We return to the question whether a house is occupied or not. We have not specified a time limit. The decision concerns the circumstances and facts of a case, rather than timing.
If a spouse had not occupied a property, would that mean that they should look for evidence that they were taking steps to do so? Would that have to be demonstrated to the court?
If there were to be a dispute, it would be for the courts to consider all the circumstances of the case and to determine whether the fact that someone had been in the house for a day was sufficient to give them occupancy. It would be dangerous to start specifying periods, because someone could come to stay for a week for whatever reason and, if they had nowhere else to stay, they might be regarded as an occupant for that period. On the other hand, if someone came to stay for a week who lives elsewhere, we would not necessarily regard them as occupying the house other than on a temporary basis. I am advised that occupation is within judicial knowledge and therefore it would be quite appropriate for the courts to determine.

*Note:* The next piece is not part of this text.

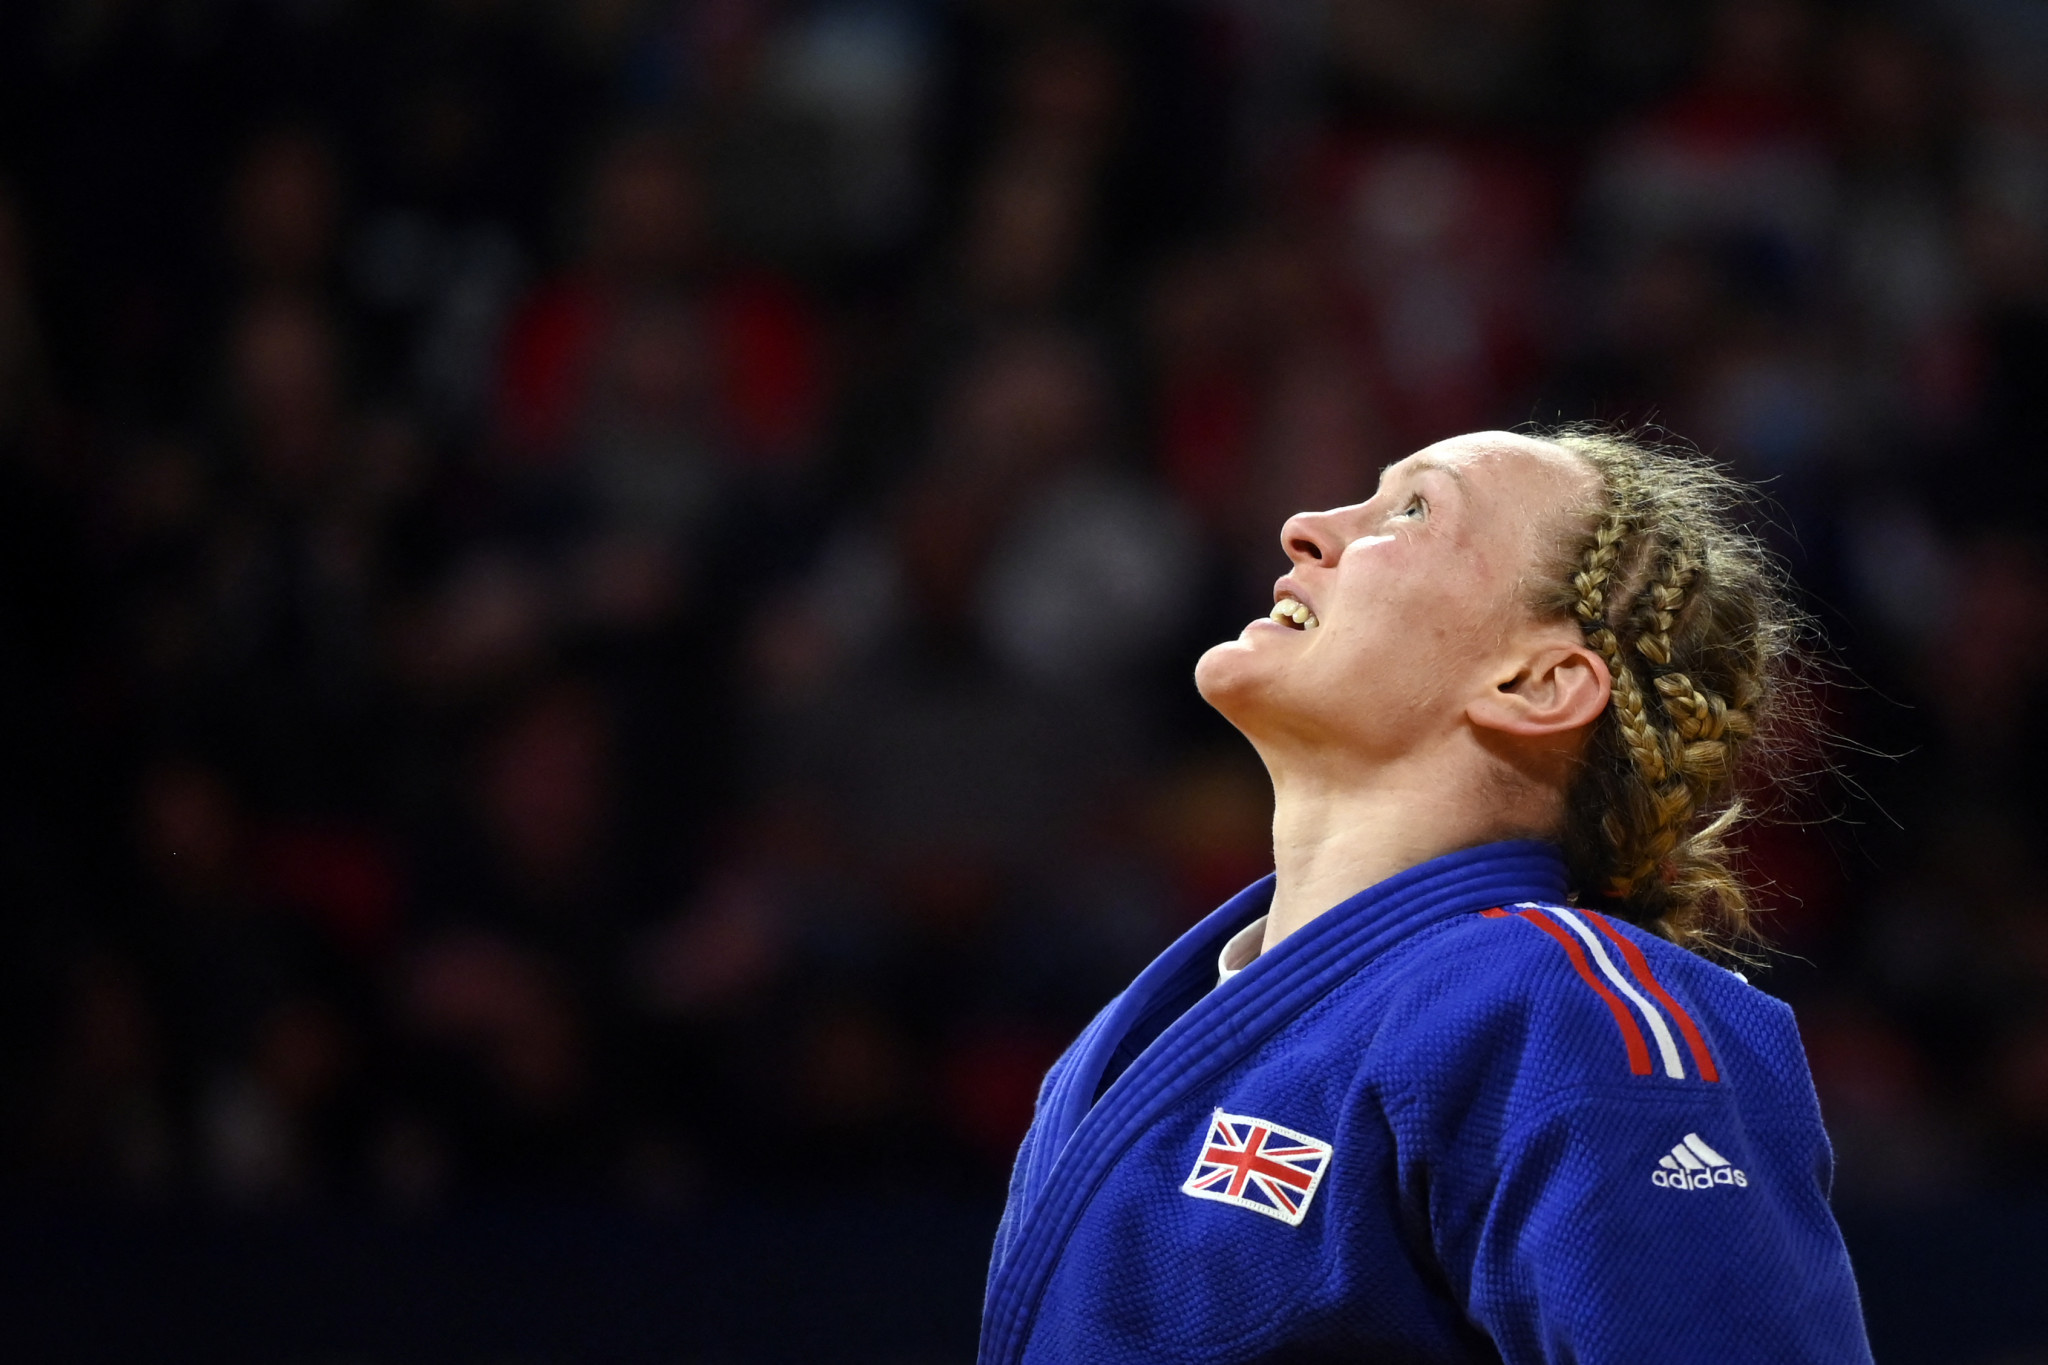 Britain's Gemma Howell celebrates defeating Kosovo's Laura Fazliu in the women's under 63 kg gold medal bout of the European Judo Championships 2022 © NIKOLAY DOYCHINOV/AFP via Getty Images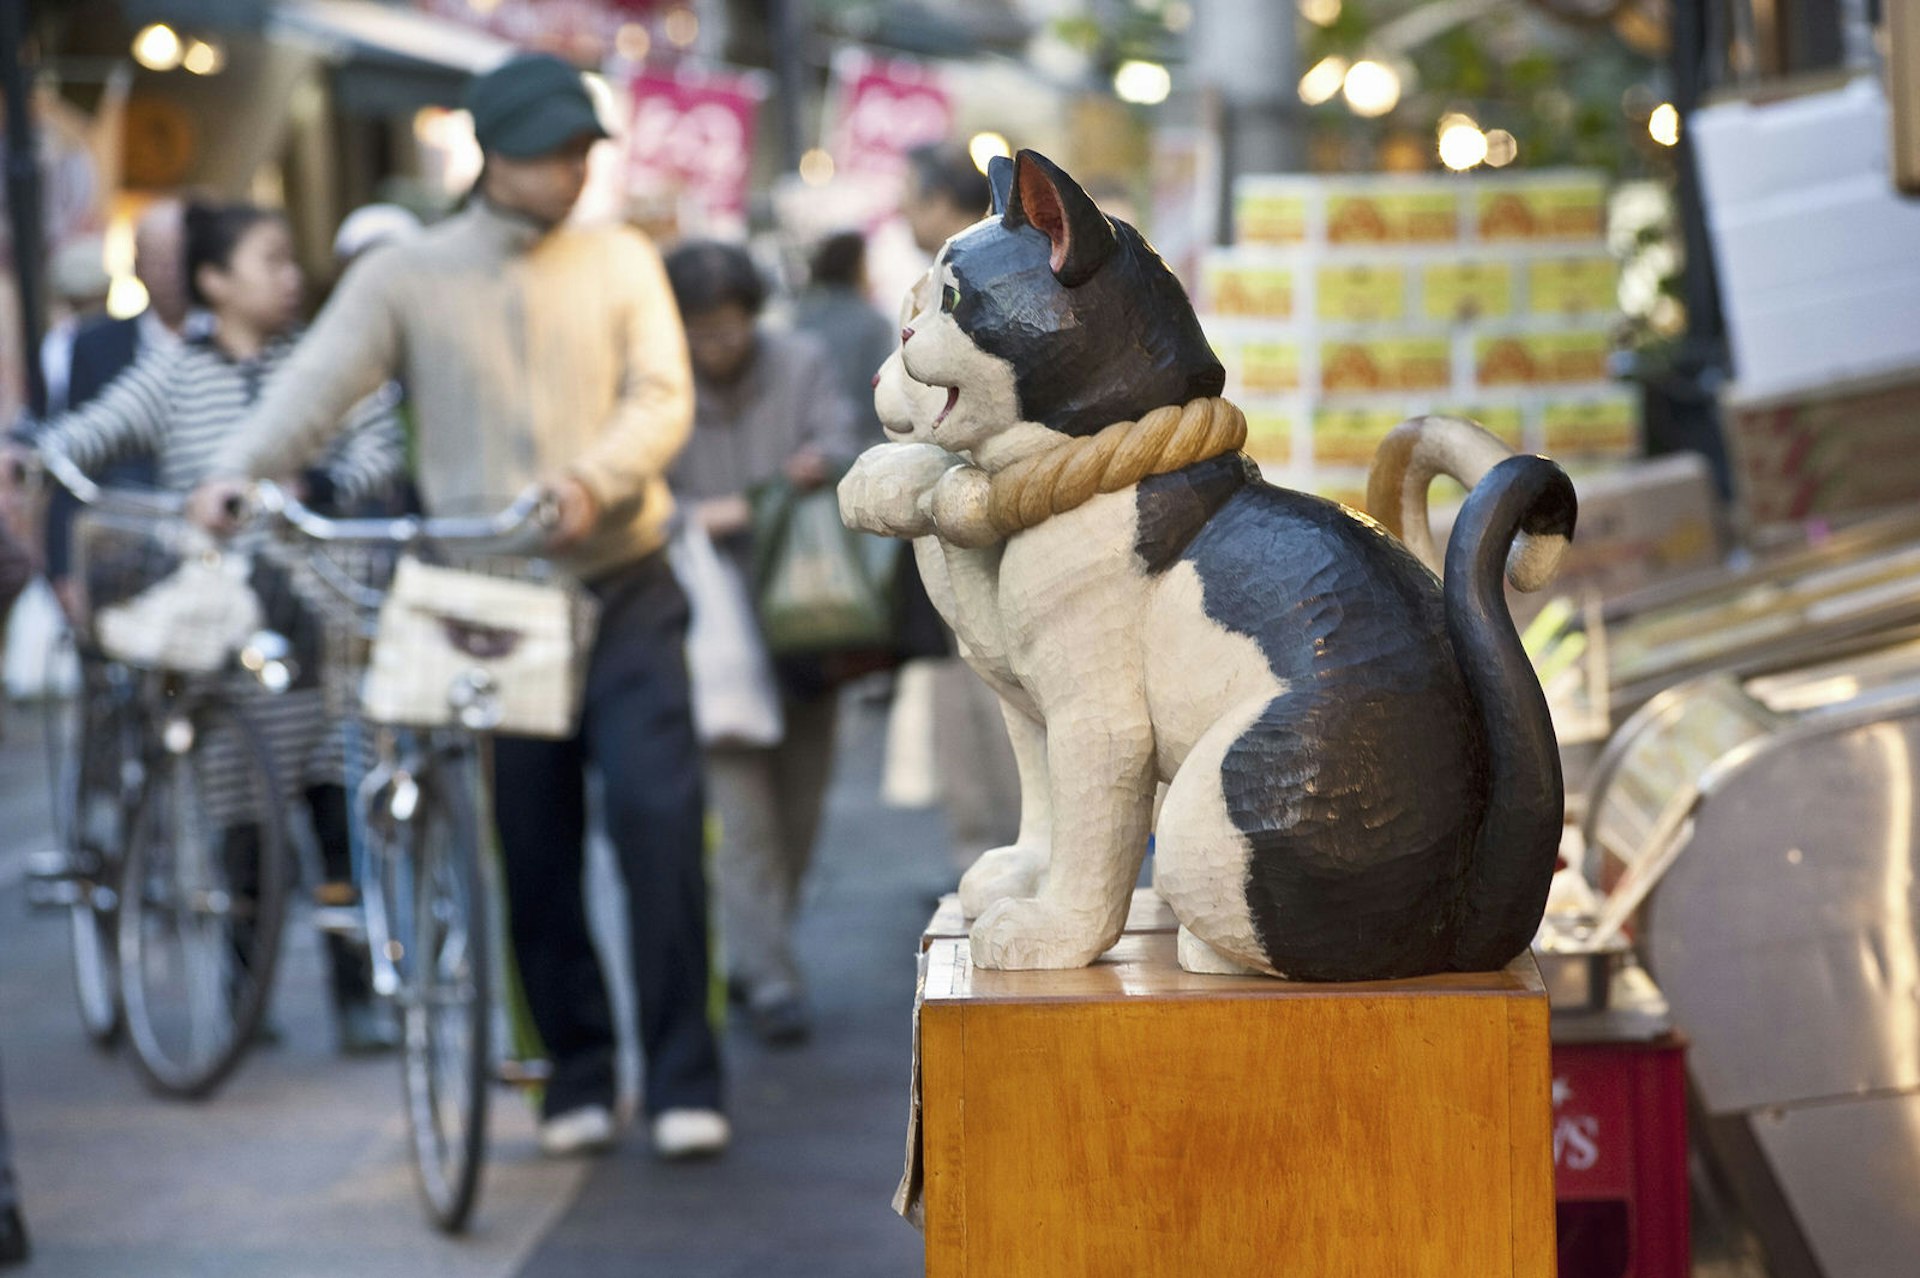 A small statue of a cat stands in front of a stall along Yanaka Ginza market street, with a group of shoppers with bicycles blurred in the background

It is important that, when we are considering changing legislation, provisions are clear and understandable from the beginning. I am slightly reassured by the idea that there is a definition of occupancy that could be determined by the courts. However, I point again to where the explanatory notes talk about intention. While I might be quite content to withdraw my amendment, I wonder whether the minister could reassure us that he will look again at the issue to ensure that it is totally clear.
I presume that if there were a disparity between the bill and the explanatory notes, there would be revised explanatory notes at stage 3 to accompany the policy intention in the bill.
Yes, there would be revised notes.
Amendment 12, by agreement, withdrawn.
Amendment 4 moved—[Hugh Henry]—and agreed to.
Section 7, as amended, agreed to.
That takes us to today's target, which was to reach section 7. The target for day 2 will be announced in tomorrow's business bulletin. Members may be aware that we will not be dealing with stage 2 again until after the parliamentary recess. I remind everyone that the deadline for lodging amendments is Friday 28 October at 12 noon.